A $20,000 loan at 5% for 60 months (5 years) will cost you a total of $22,645.48, whereas the same loan at 3% will cost you $21,562.43. That's a savings of $1,083.05. That same wise shopper will look not only at the interest rate but also the length of the loan.

How much would a $20,000 loan cost per month?

The monthly payment on a $20,000 loan ranges from $273 to $2,009, depending on the APR and how long the loan lasts. For example, if you take out a $20,000 loan for one year with an APR of 36%, your monthly payment will be $2,009.

How much is a $20,000 car payment per month?

Payments would be around $377 per month. According to the results, it will take you 60 months, an interest rate of 5% of $2,645, to fully pay your $20,000 car loan. However, the monthly cost of a $20,000 car loan will depend on your repayment period and the annual percentage rate (APR).

Is a 7 year car payment bad?

But having as long as seven years to pay off your car isn't necessarily a good idea. You can find a number of lenders that offer auto loans over an 84-month period — and some for even longer. But before you take out an 84-month auto loan, you should understand the potential risks and alternatives.

Who is offering the lowest auto loan rates?

Compare Car Loan Rates
Top Auto Loan LenderLowest APROur Award
PenFed Credit Union5.24%Best Credit Union Auto Loan
Auto Approve5.24%**Best Auto Refinance Rates
Consumers Credit Union6.54%Excellent Credit Union Auto Loan
Auto Credit ExpressVariesBest Auto Loan for Bad Credit
2 more rows

What are the disadvantages of a large down payment on a car?

Disadvantages of a Larger Down Payment

The two biggest cons of making a down payment that's around 50 percent are: More money down doesn't lower your interest rate – Bad credit car buyers get higher than average interest rates, and it's extremely rare that a larger down payment can lower it.
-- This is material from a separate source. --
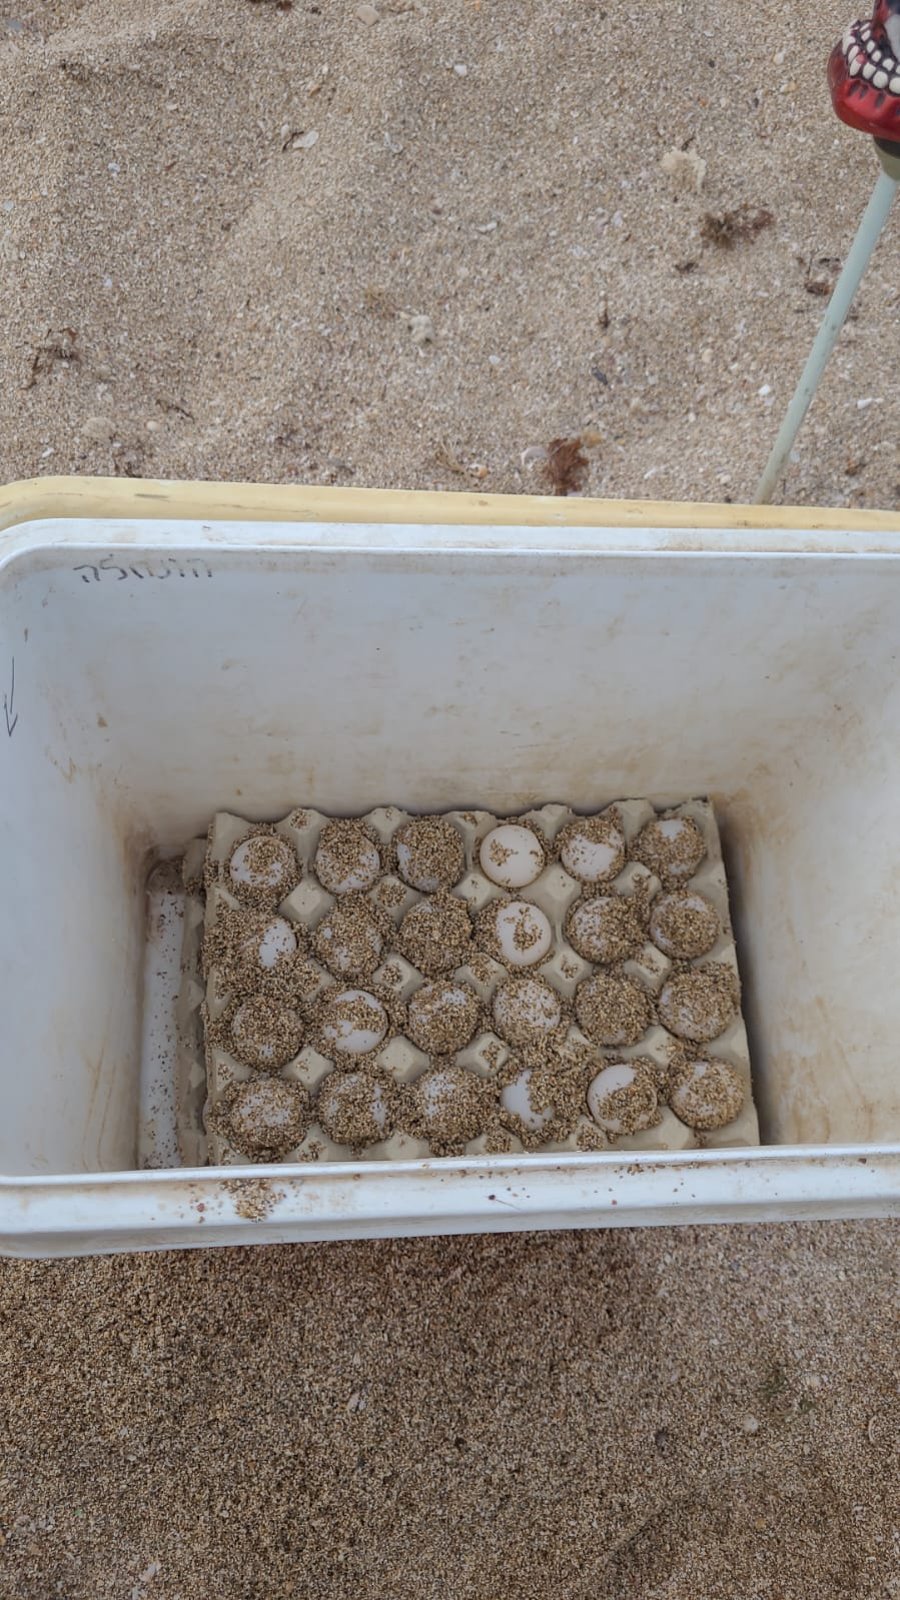 באזור חיפה: מתנדבים מצאו שני קינים של נקבת צב ים חומה

How much should I put down on a $13,000 car?

Most experts recommend a 20% down payment for new cars and 10% for used. Getting pre-approval might provide clarity on potential interest rates. Pre-approved auto loans can provide insight into the potential interest rate your lender will be able to offer.

What is a good credit score to buy a car with no down payment?

Your credit score is crucial to determine your eligibility for a no down payment car loan. Most lenders require a FICO credit score of at least 680 before you can qualify. If your credit score falls below 680, improve your credit score before you apply to help you qualify in the future.